Remembering Lorenzen Wright.
Former Memphis Tiger and Grizzly Lorenzen Wright was found dead in Memphis yesterday. The presumption is that he was murdered, but there is no confirmation of this yet.
It is difficult to wrap my mind around the breadth of this. In writing about the recent death of someone who matters to many people it is difficult to be eloquent, to quantify the loss. Although this news is still fresh, I expect that the ramifications of this will ricochet around town for awhile. The death of Lorenzen Wright is something that will, quite literally, bring the city of Memphis to its knees, at least for a little while.
Like so many native Memphians, I was raised in front of the TV from November until March. I am a nanny/babysitter, and often find myself thinking in terms of children’s developmental milestones. Therefore, when I find myself in a situation where I am compelled to explain how much I love this basketball team, the not-super-successful-and-slightly-infamous Tigers of Memphis, I find it simpler to break it down in those terms.
My first memory is of holding my father’s hand and walking into a grocery store to buy a cake for my second birthday; my second is of sitting in front of the television at my aunt and uncle’s house watching Keith Lee shoot an easy layup. I knew the rules of basketball before I could ride a bike. When I was eight, my dad bought me a basketball. Instead of learning how to play the game like normal kids did, I haphazardly dribbled around our circular gravel driveway with my swimming goggles on, playing a game I invented called Be Elliot Perry. I was a short and stout little girl (still am!), better suited to softball, where I reigned supreme. My sports heroes weren’t women, or baseball players. I didn’t even have a favorite baseball team. My heroes were guys who mostly tended to disappear off the radar once they graduated from college. They were all from my city; they all went to the same school my parents had graduated from.

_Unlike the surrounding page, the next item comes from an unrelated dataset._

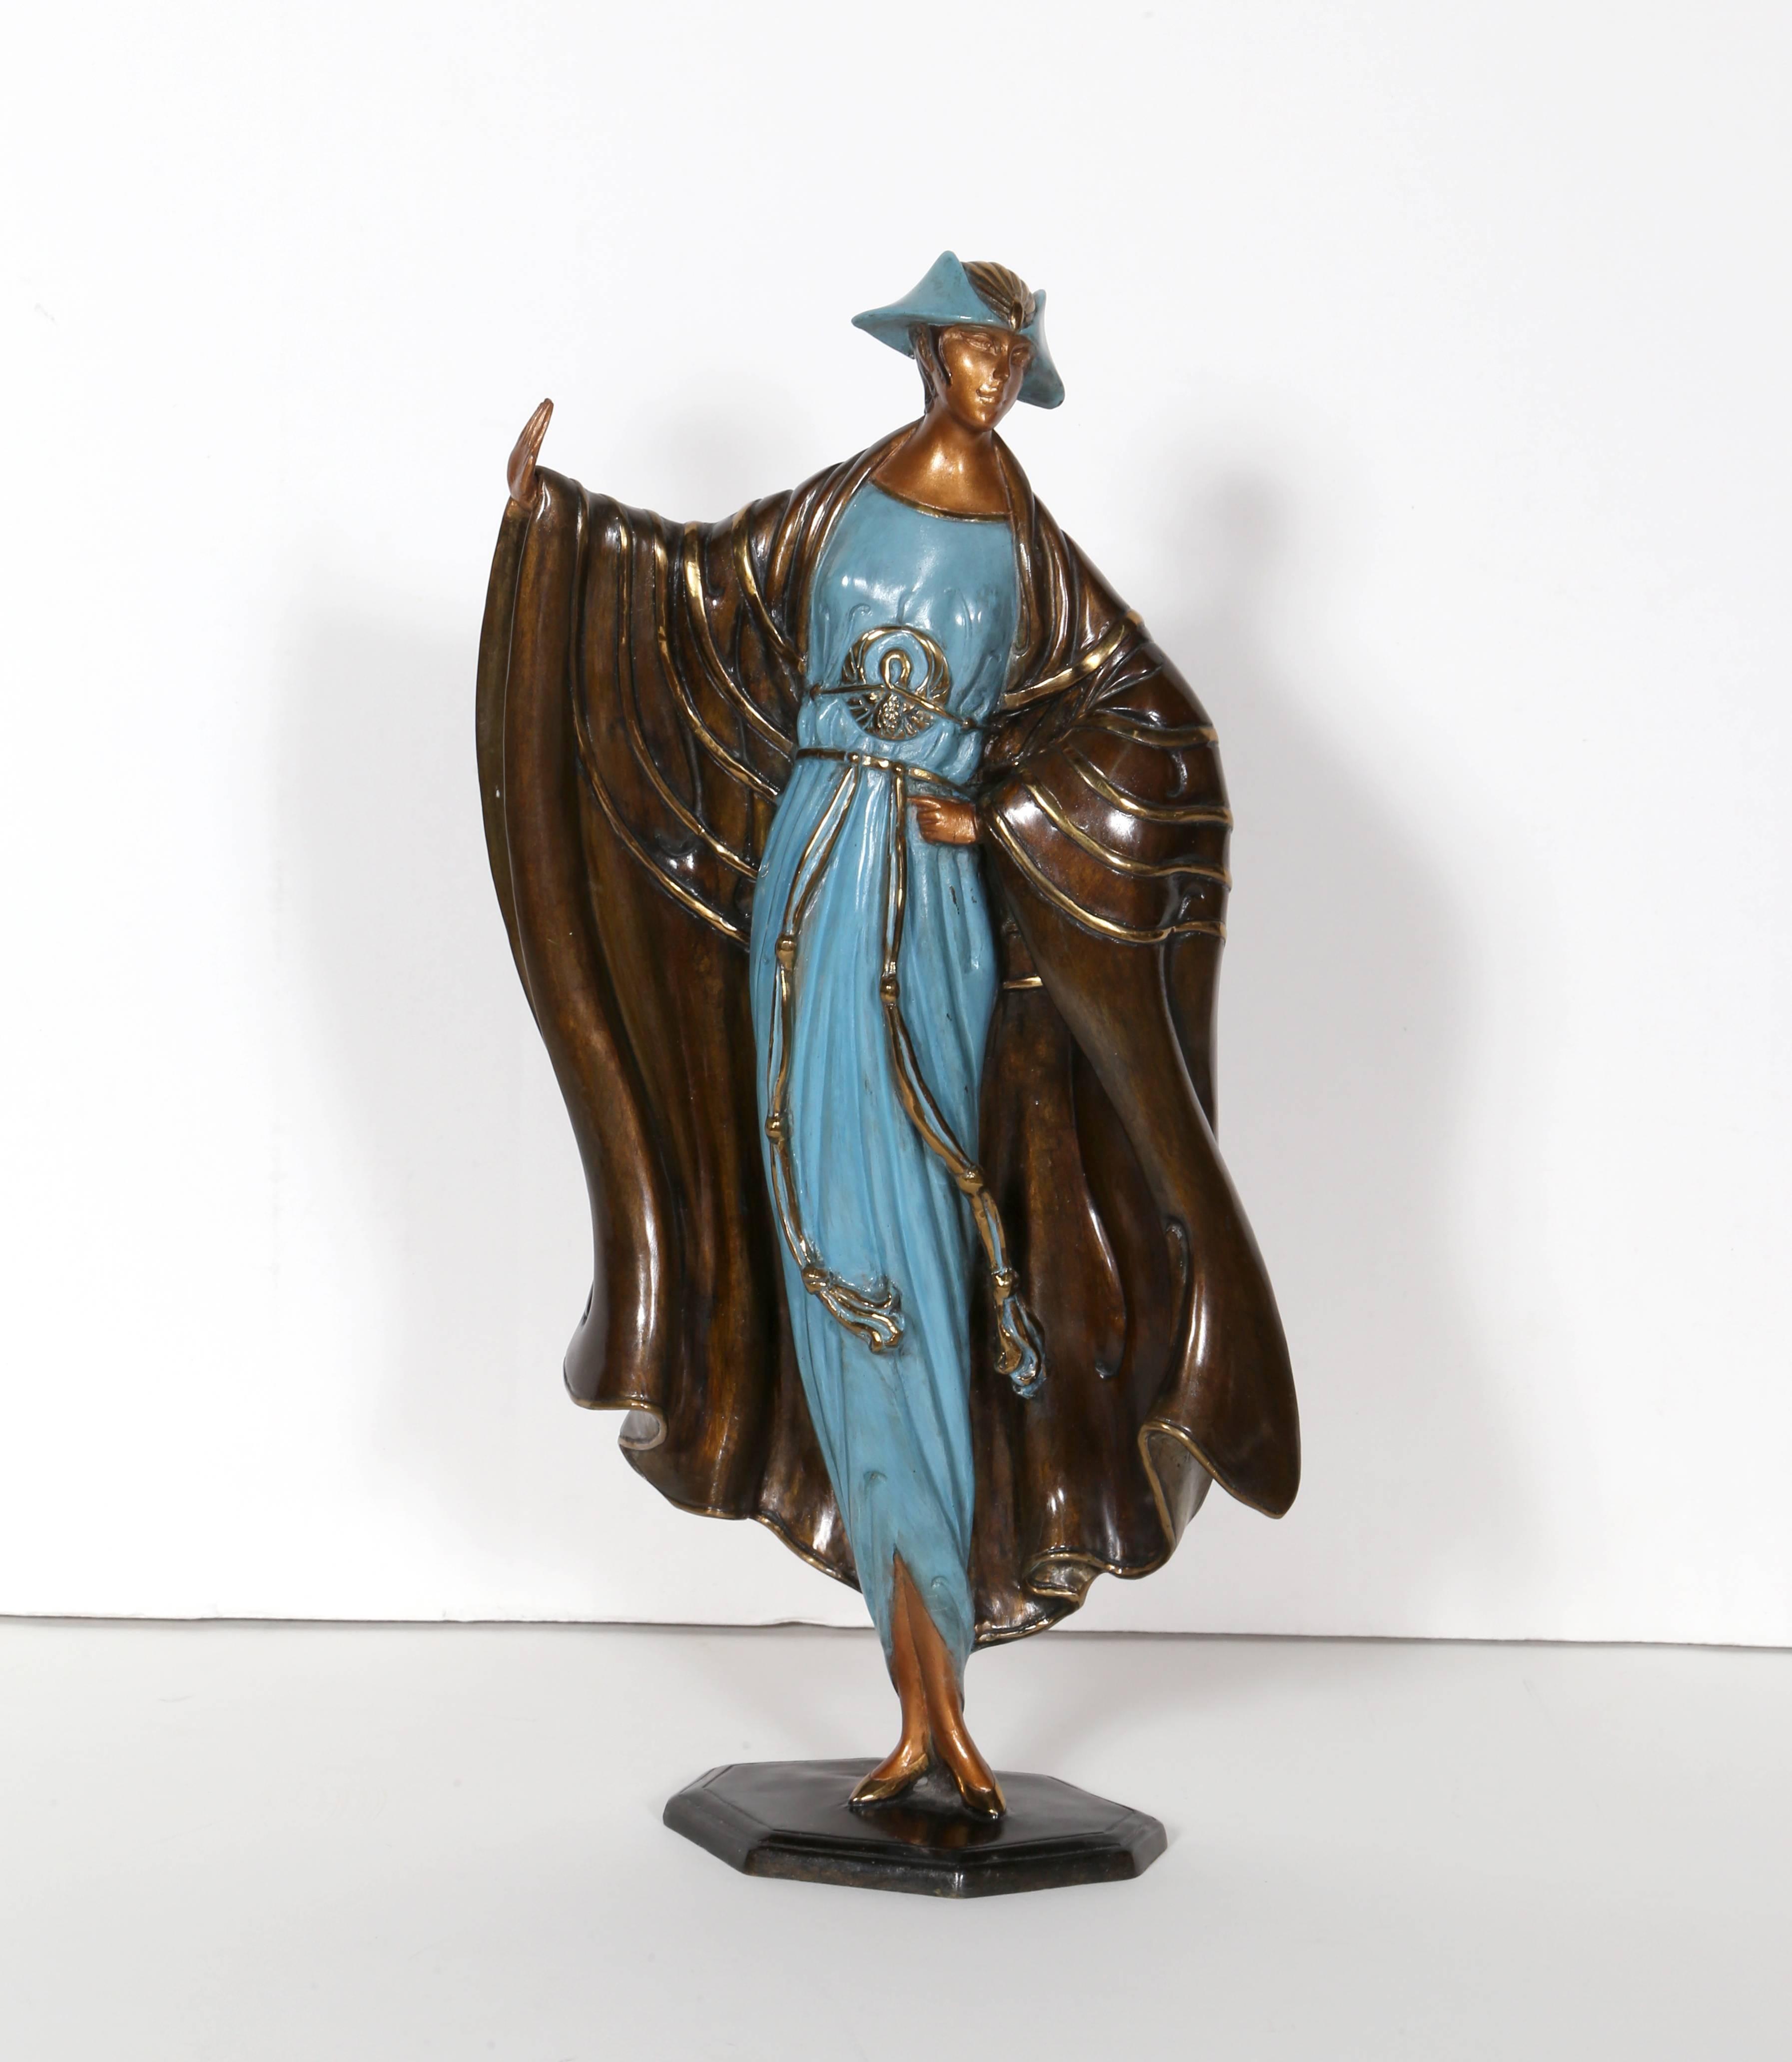 Rue De La Deco erté - rue de la paix, bronze art deco sculptureerte at
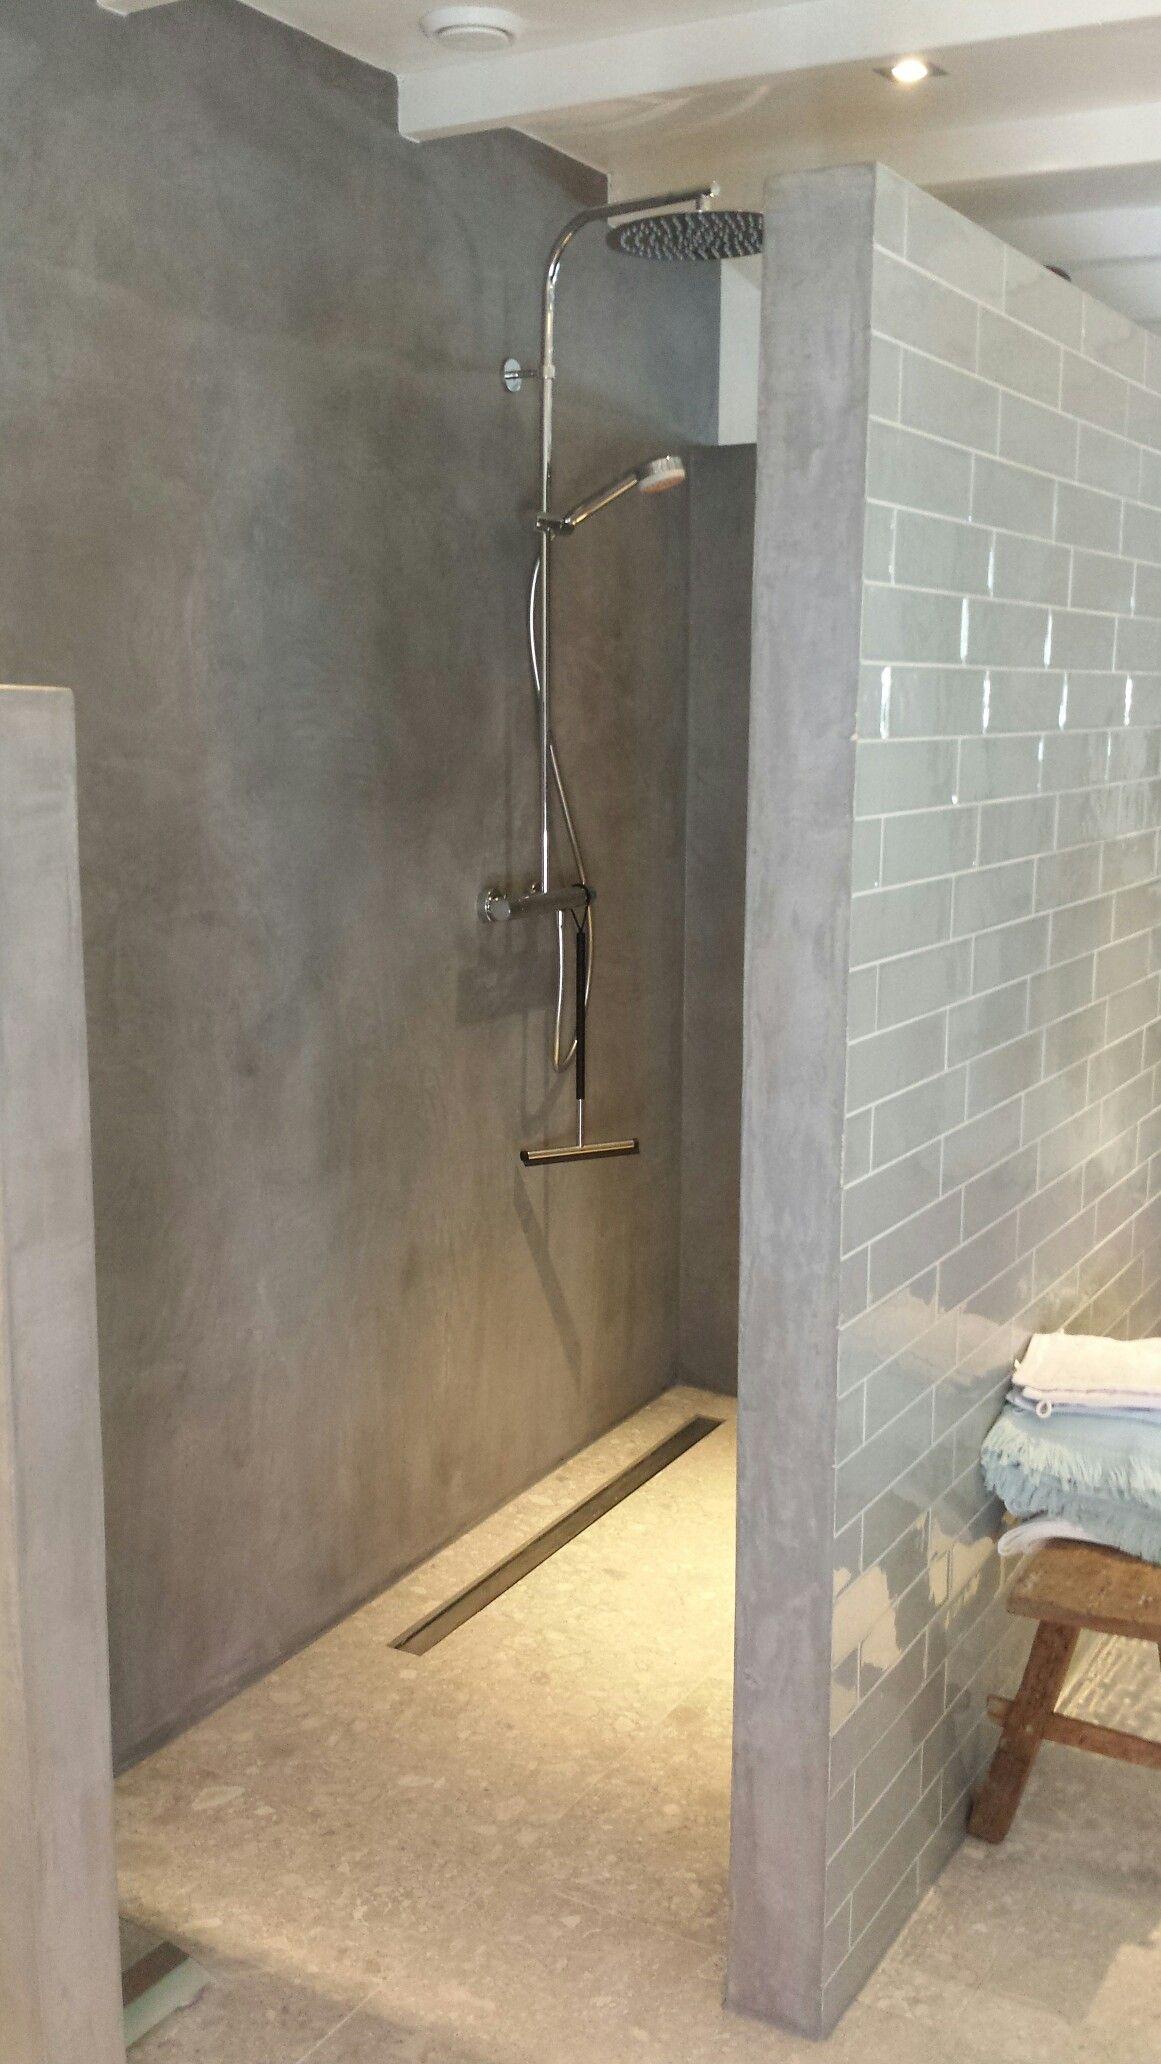 Badkamer met vt wonen tegels en beton cire | Huisje | Pinterest ...

There is a special feeling in that kind of solidarity, something that borders on being familial. As a child it was comforting for me to know that my players all had a four-year (or less) time stamp on them, and that eventually I’d probably end up in line behind them at the grocery store, no matter how famous they became. Now that I live in a big city with four major sports teams, it makes me feel genuinely sorry for people whose sports heroes have no loyalties, who can be traded on a dime, who can turn their backs on a city that gave them endless amounts of love and support for a few million dollars more per year. Memphis’ only LeBron-esque drama involved an outsider coach who wanted to move on to what he felt were bigger and better things. This baffled Memphians. What could be better than this? Memphis deifies its college basketball players and coaches. The paid professionals on the NBA team in town plays second fiddle to the city’s real stars, a roster of kids with uncertain futures lying ahead of them.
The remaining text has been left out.